Family dynasties and community ties
Walter “Spot” Munro, a Kiamal legend, watches his grandson Ethan play for Ouyen. Twenty-one Munros played for Kiamal, and nearly two-thirds of Ouyen's current senior players trace their lineage to the original clubs. Former president Fel Cua created Heritage Round in 2024 to keep those connections alive. “Those 40-odd clubs that have made us – we just want to keep the people connected to those clubs a part of what Ouyen is today,” he says.

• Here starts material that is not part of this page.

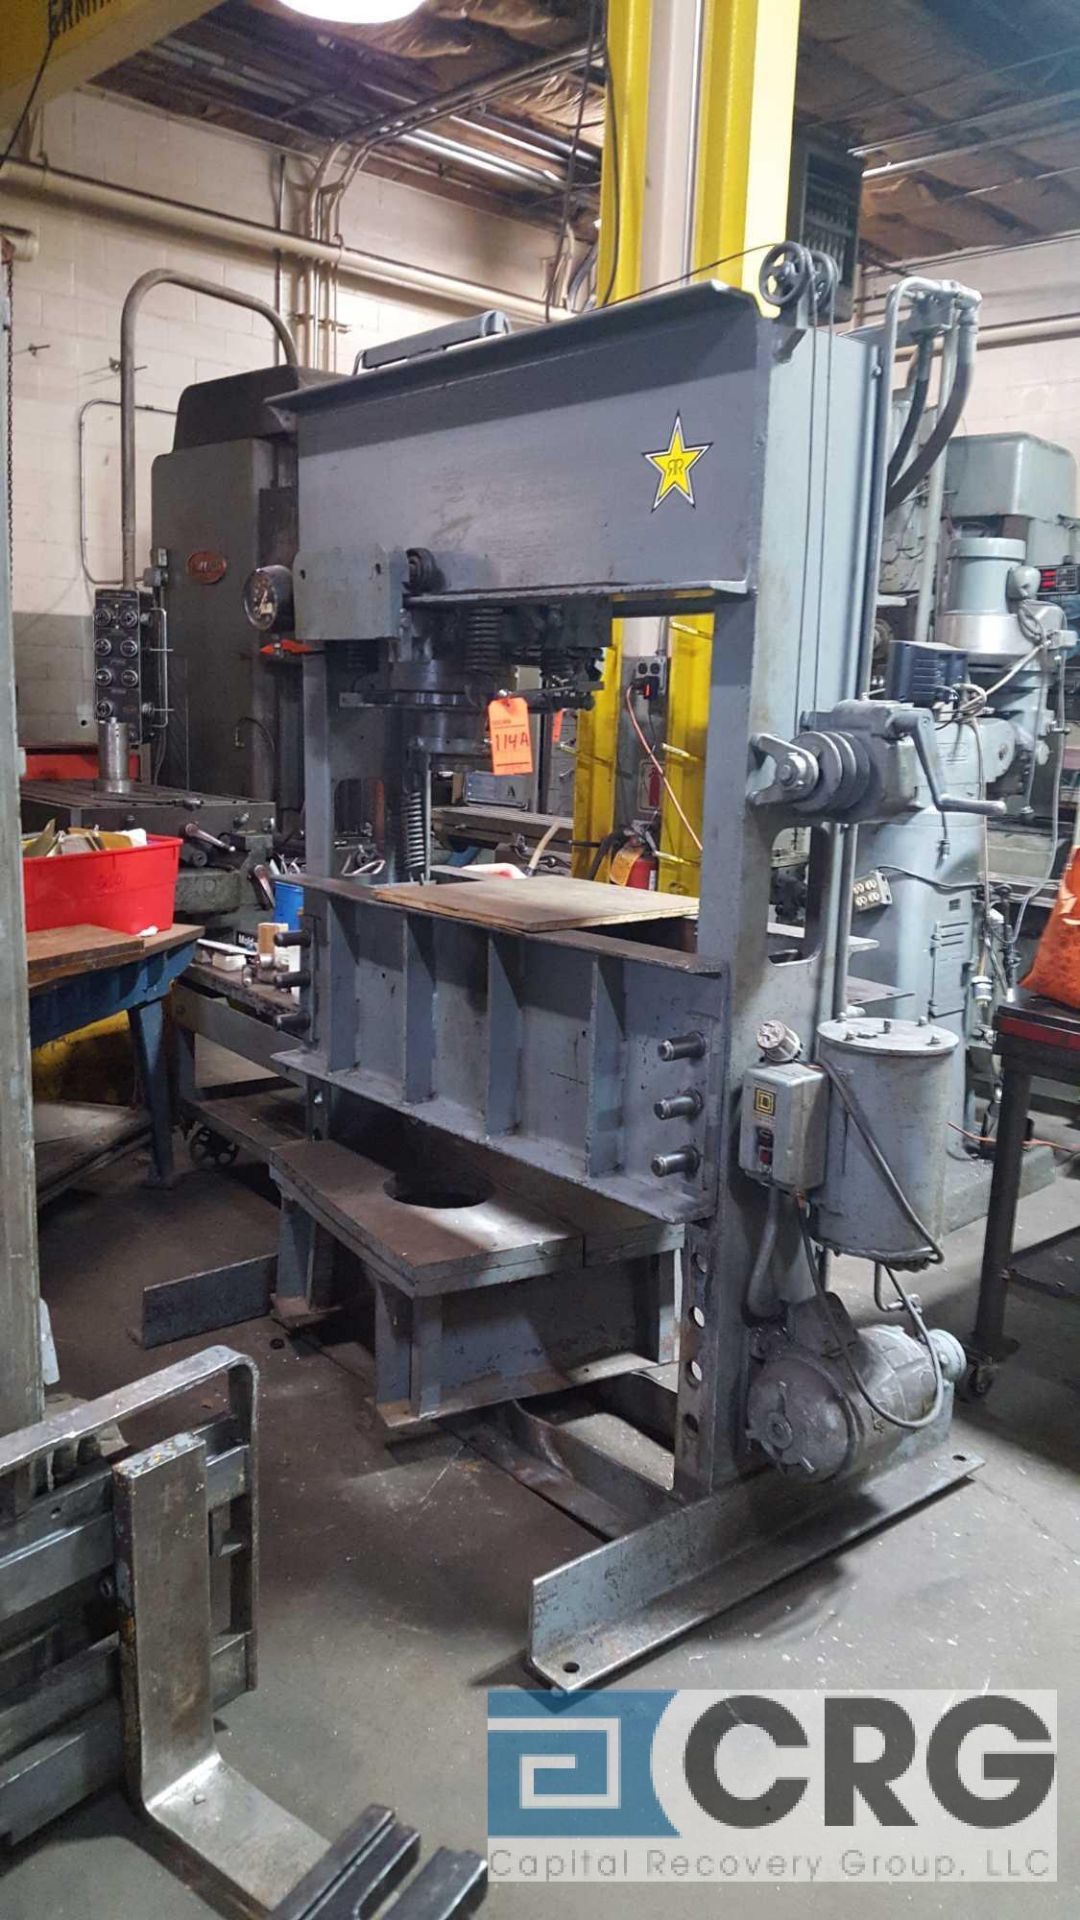 Acco hydraulic press, model P-1358, serial no 8536, catalog no MHP-150, 150 ton capacity.

Merger challenges and success
Andrew Willsmore, who played 440 games for Walpeup-Underbool, recalls the merger negotiations as “difficult, sometimes brutal.” The agreement gave Walpeup-Underbool's strip, Ouyen's name, and five home games in Ouyen, three at Underbool. In 2016, Ouyen United Kangas shocked the Mildura establishment by winning the Sunraysia League grand final against Mildura Demons. “They ran out of food, grog, everything,” says president Mick Pole. “That success was crucial in cementing the merger.”
Nine wooden poles at Blackburn Park represent the clubs merged since World War II, painted by students. Vallance passes the Kiamal pole, and Pole reflects: “That link to the past can’t fade. If it does, we’re buggered. Nurturing that is what will keep us alive as a club.”